M. Gaye s'est en outre enquis du système de réadaptation des victimes de la torture au Mexique.

Le rapport du Mexique indique que 292 affaires de meurtres de femmes ont été élucidées, dont 20 ont été classées, a par ailleurs relevé le corapporteur, qui s'est étonné qu'une affaire classée puisse être considérée comme élucidée.

Un autre membre du Comité a souligné que l'arraigo pose problème tant sur le plan constitutionnel que du point de vue d'une volonté d'opérer une véritable réforme du système judiciaire. D'autres experts ont eux aussi fait part de leurs préoccupations face à la pratique de l'arraigo, eu égard notamment aux risques de détention au secret dans ce contexte. Le sort des personnes détenues en vertu d'une ordonnance d'arraigo fait-il l'objet d'un contrôle, par exemple de la part d'un juge, a-t-il été demandé?

Un autre membre du Comité s'est enquis du taux d'occupation des prisons mexicaines à l'heure actuelle.

Une experte s'est inquiétée d'informations faisant état, en 2010, d'abandons et de disparitions d'enfants handicapés et de ségrégation à leur encontre. Elle a par ailleurs dénoncé les conditions de vie déplorables dans des hôpitaux psychiatriques où des actes de lobotomie, par exemple, auraient – selon certaines informations – été pratiqués sans le consentement des patients. Qu'on fait les autorités pour enquêter à ce sujet et remédier à ces situations?

Des informations indiquent que 61 défenseurs des droits de l'homme auraient été assassinés au Mexique entre 2006 et 2010, a poursuivi cette même experte. Dix-sept femmes défenseurs des droits de l'homme ont été assassinées dans ce pays entre 2010 et aujourd'hui, dont une militante transsexuelle assassinée en mars dernier, a-t-elle ajouté.

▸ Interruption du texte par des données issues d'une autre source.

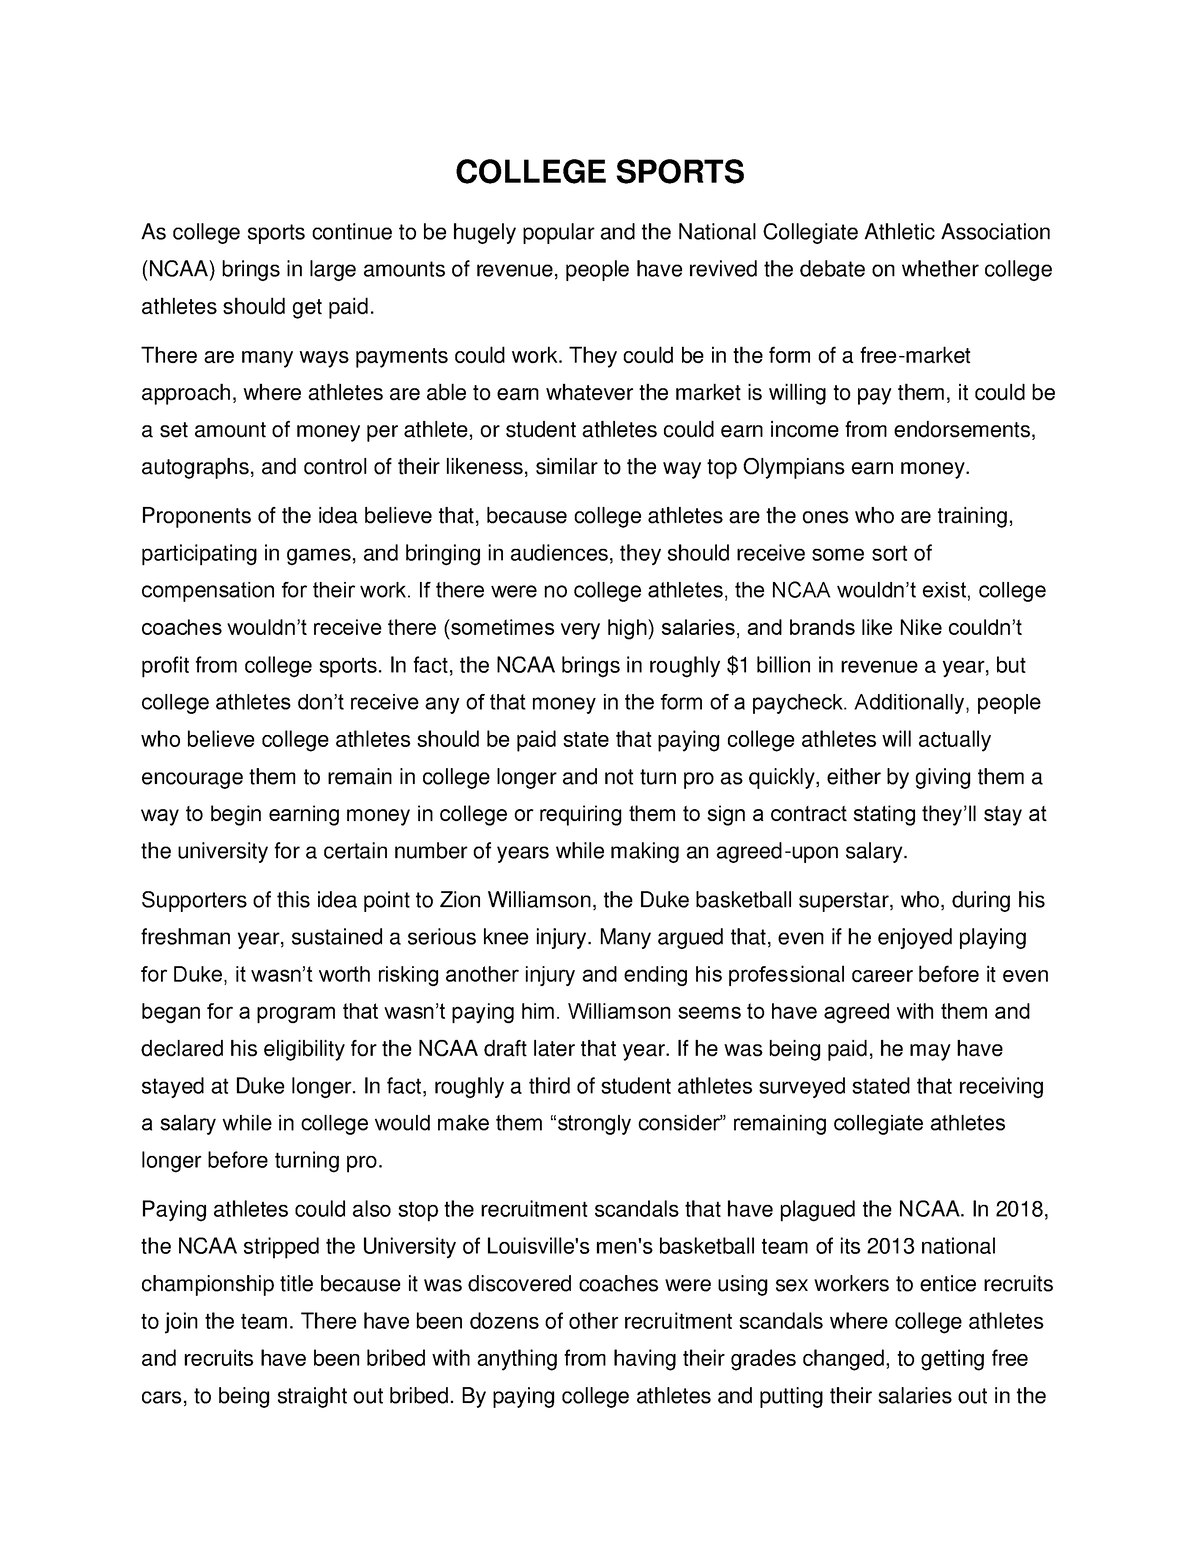 college sports argumentative essay topics

Un grand nombre d'informations font état de l'absence de sécurité dans les prisons mexicaines et de conditions de détention déplorables, à quoi s'ajoute l'absence de contrôle des autorités sur des prisons comme celle de Santa María, a pour sa part relevé un expert. Il a dénoncé la criminalité dans les prisons, évoquant la corruption ainsi que l'insécurité dont sont victimes un grand nombre de détenus qui sont passés à tabac voire assassinés parce que leur sécurité n'est pas assurée. L'expert s'est en outre enquis du nombre de mineurs détenus dans le cadre d'opérations de sécurité fédérale. Les mineurs sont-ils détenus séparément des adultes, a-t-il également demandé? Il a lui aussi dénoncé les conditions de vie déplorables qui règnent dans les institutions psychiatriques du pays. Il a en outre soulevé la question des migrants irréguliers qui arrivent sur le territoire mexicain, dénonçant notamment leurs conditions de détention précaires ainsi que les cas de disparitions les concernant.

Des préoccupations ont également été exprimées au sujet de l'efficacité de la médecine légale; les autorités ont-elles envisagé d'instaurer un système de médecine légale indépendante, a-t-il été demandé?

Une experte s'est enquise des mesures prises par les autorités mexicaines pour faire la lumière sur les meurtres et disparitions à Ciudad Juárez. Un expert a insisté sur l'intérêt que porte le Comité au phénomène des féminicides au Mexique.